The Centuries seizure also comes amid the Trump administration’s bombing of at least 28 boats allegedly transporting drugs in the Caribbean Sea and Pacific Ocean, attacks that have killed more than 100 people and have been condemned as acts of extrajudicial murder.

In addition to the blockade and boat strikes, Trump has deployed an armada of warships and thousands of troops to the southern Caribbean, authorized covert CIA action against the socialist government of Venezuelan President Nicolás Maduro, and has threatened to invade the South American nation. This latest wave of aggression continues more than a century of US meddling in Venezuela’s affairs and sovereignty.

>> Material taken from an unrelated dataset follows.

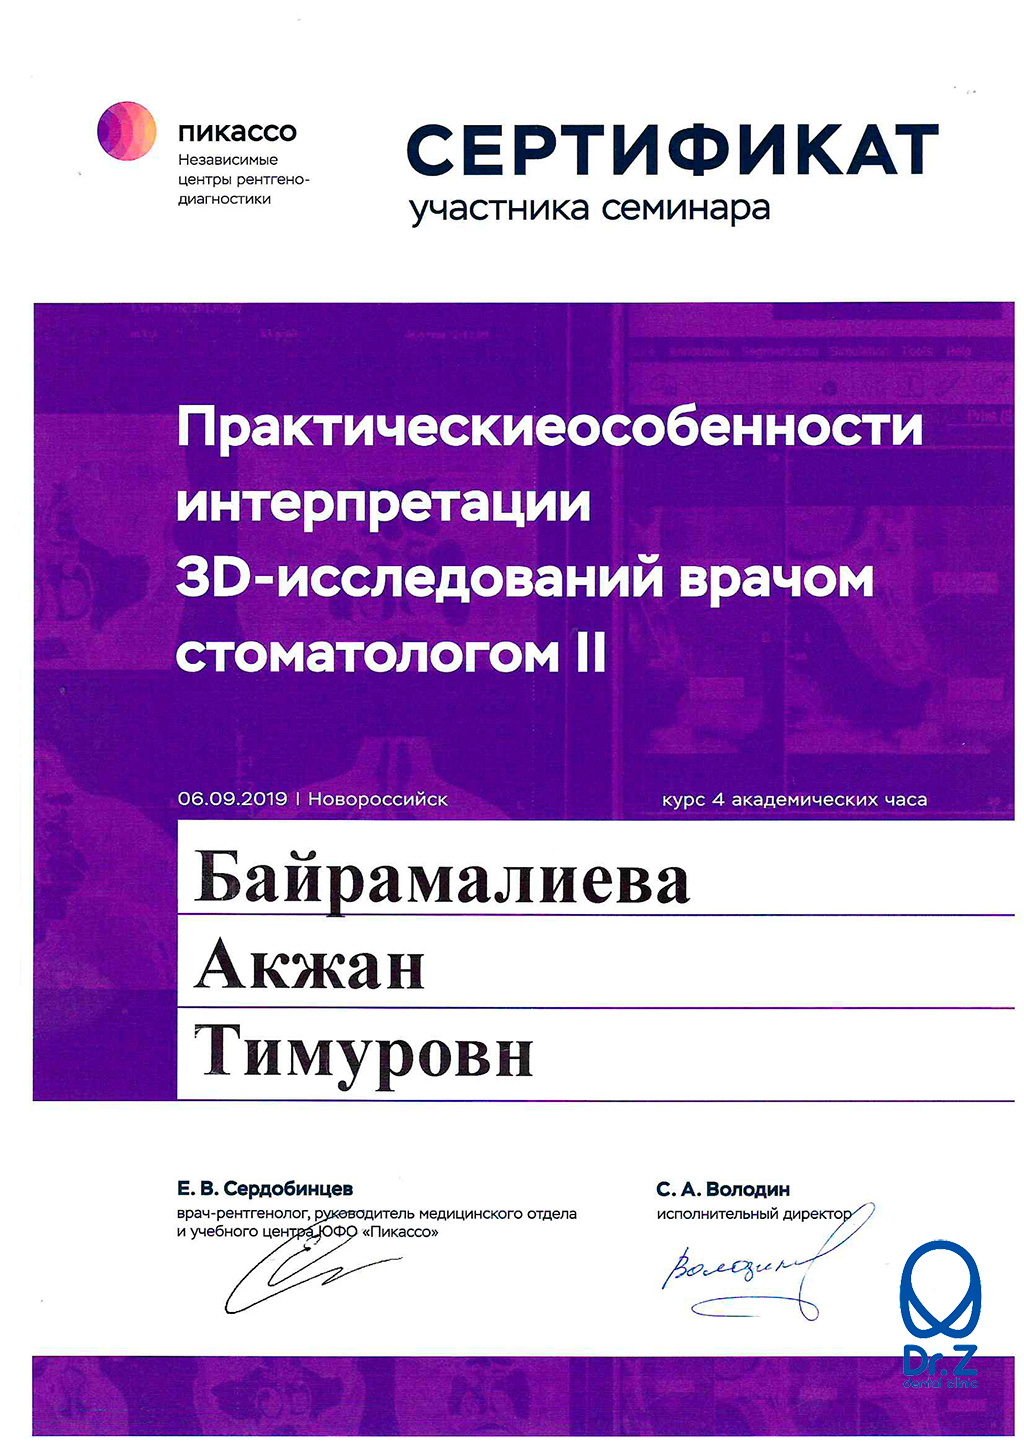 Сертификат выдан Байрамалиевой Акжан Тимуровне за участие в семинаре 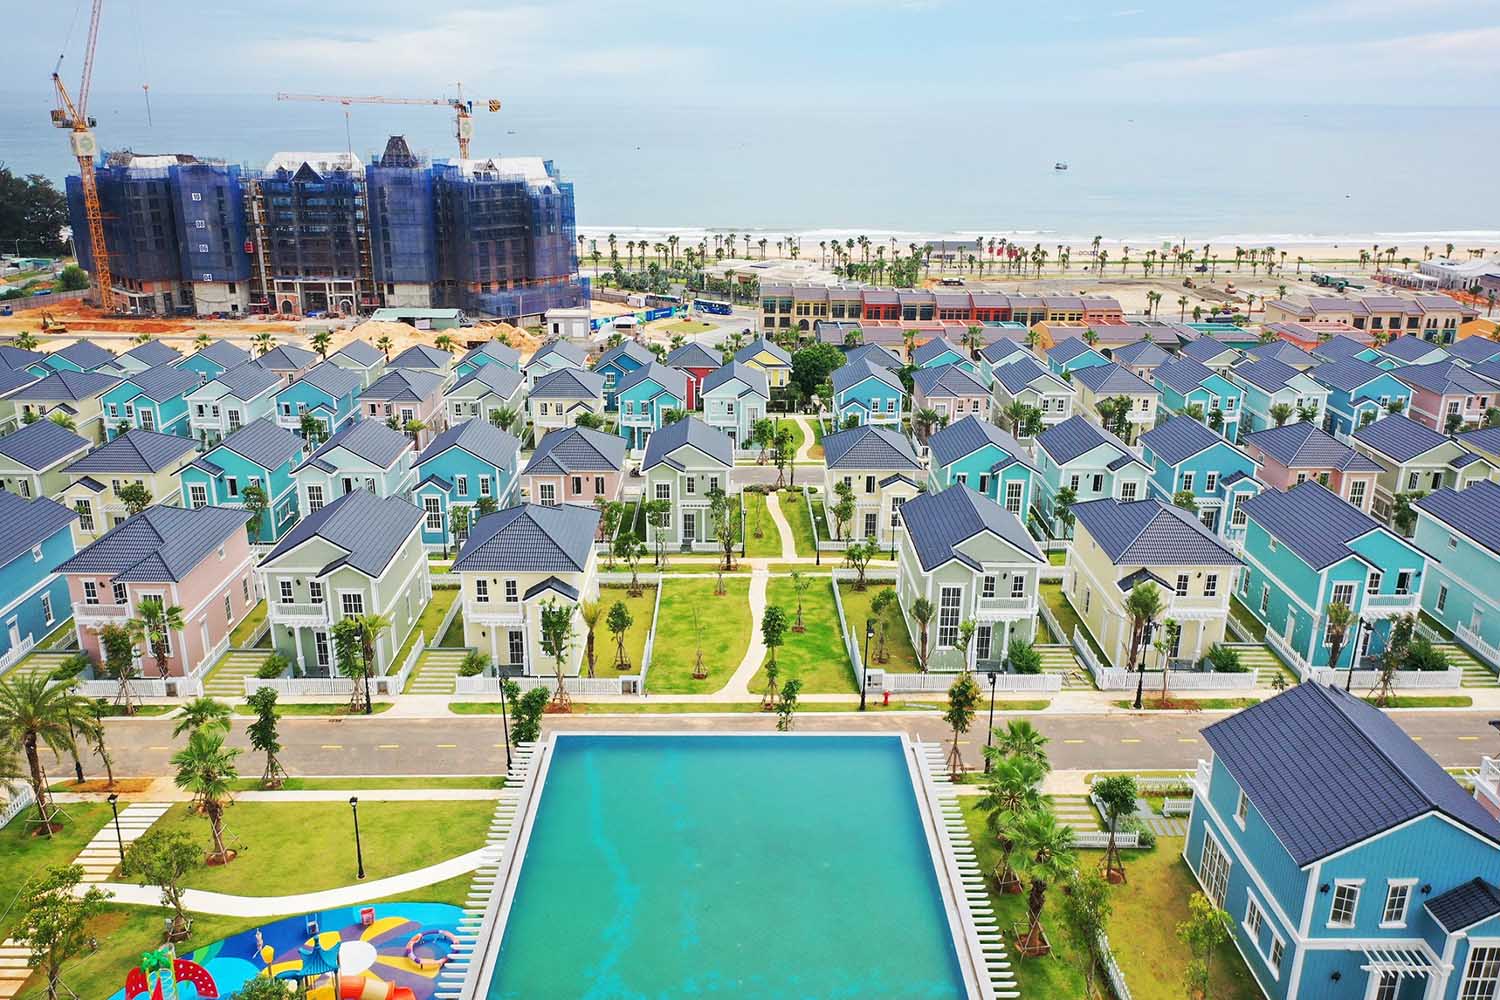 bất động sản nghỉ dưỡng Phan Thiết tiếp tục là lựa chọn được nhà đầu tư ưu ái trong mùa cao điểm cuối năm. Hình ảnh thực tế tại Dự án NovaWorld Phan Thiet quy mô 1.000 ha tháng 11/2021

Numerous world leaders have denounced the US aggression toward Venezuela. On Saturday, leftist Brazilian President Luiz Inácio Lula de Silva said during a summit of the South American Mercosur bloc in Foz do Iguaçu, Brazil that an “armed intervention in Venezuela would be a humanitarian catastrophe.”

In the United States, multiple efforts by members of Congress—mostly Democrats, but also a handful of anti-war Republicans—to pass a war powers resolution blocking the Trump administration from bombing boats or attacking Venezuela have failed.

Echoing assertions by Venezuelan officials and others, one of those Republicans, Rep. Thomas Massie of Kentucky, said earlier this week that Trump’s aggressive escalation “is all about oil and regime change.”

Some critics have called Trump’s actions a renewal of the “gunboat diplomacy” practiced by the US in the 19th and 20th centuries. The US has conducted scores of military interventions in Latin America, including dozens of regime change operations.